Because if he had looked at me with pure rejection, I could have braced against it.
Instead he had looked at me like something difficult. Something unprecedented. Something to be managed.
I bowed too quickly. “Yes, Alpha.”
My hands shook when I turned toward the door.
I prayed he did not notice.
The doors opened, and the coldness of the hall struck me like water.
Rowan stood the moment he saw me.
He took one look at my face and came toward me at once. “Kyle?”
I wanted to say it was nothing.
Wanted to say he was just as polite as any alpha had to be. That he had done nothing truly cruel. That I could survive this if people would just stop looking at me.
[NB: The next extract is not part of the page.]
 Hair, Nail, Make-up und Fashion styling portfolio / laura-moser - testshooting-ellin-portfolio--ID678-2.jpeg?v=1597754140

Instead what came out was smaller and more ashamed than I meant it to be.
“He was displeased.”
Rowan’s expression darkened instantly.
I hated how much that comforted me.
Not because I wanted him angry.
Because I wanted someone to understand that a person did not have to shout to wound you.
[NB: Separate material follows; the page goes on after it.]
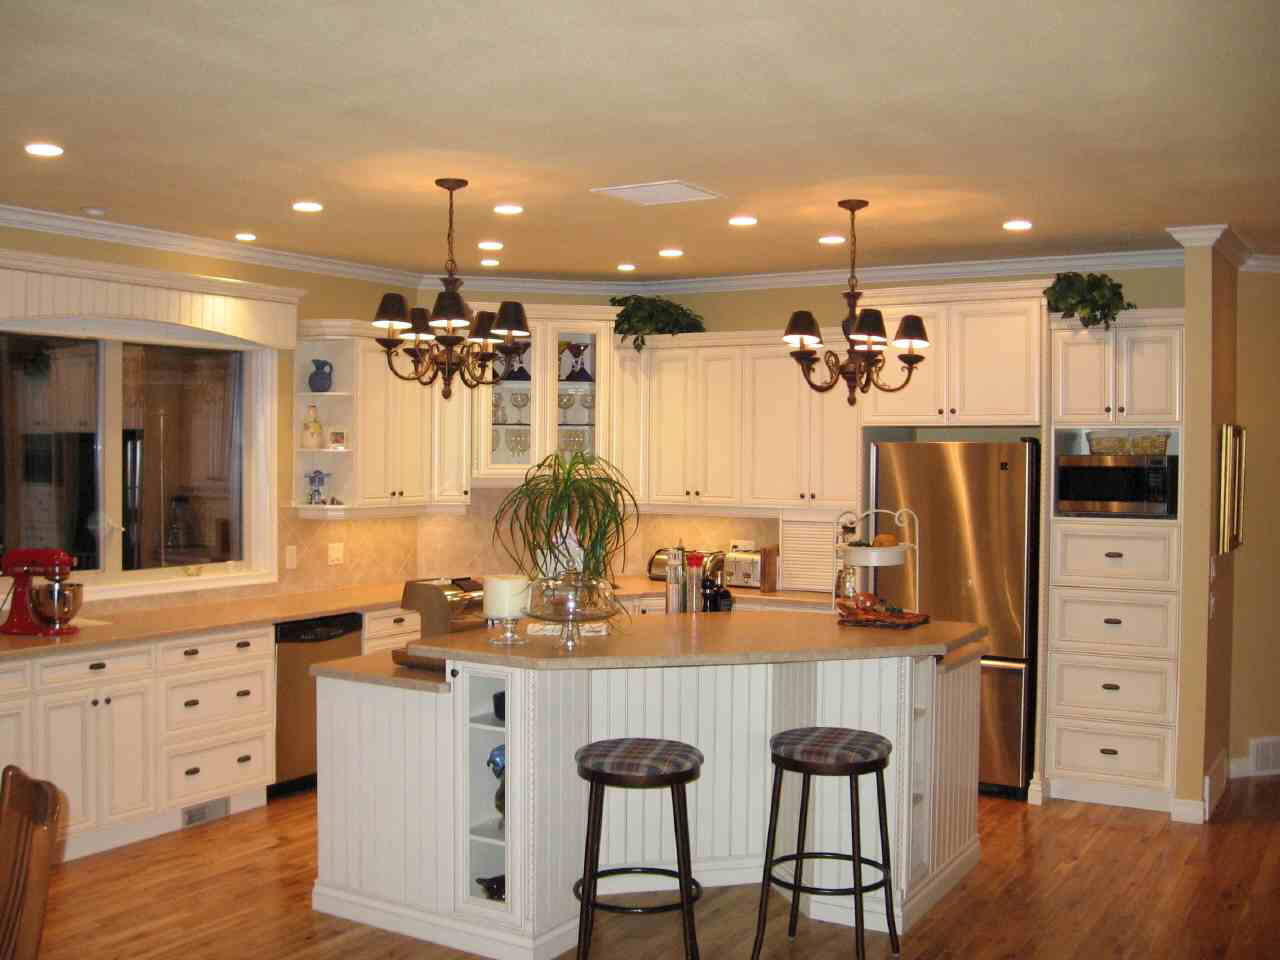 Inexpensive kitchen islands photo - 2

Rowan stepped closer, his body half-turned like he was already placing himself between me and the room behind those doors.
“What did he say?”
“That I’m staying here,” I whispered. “Until the elders decide… what to do.”
My voice nearly broke on the last two words.
Rowan heard it.
His hand came to the back of my neck briefly, warm and careful. “You’re not a thing to be done with.”
I stared at the floor because if I looked at him, I might actually cry, and I could not bear that here.
Not in the Blackthorne halls.
Not with servants within earshot.
Not with the scent of the alpha still clinging faintly to the air and making this whole morning feel even more unreal.
“He let you stay,” I said, because I needed to say something.
Rowan let out a slow breath. “Good.”
I nodded.
But as he led me down the corridor, I could still feel it—the memory of Xervic Blackthorne’s eyes on me, cool and unreadable.
And worse than that, the tiny, unmistakable moment of restraint in them.
As if he had looked at me and disliked what he saw, but chosen not to say it aloud.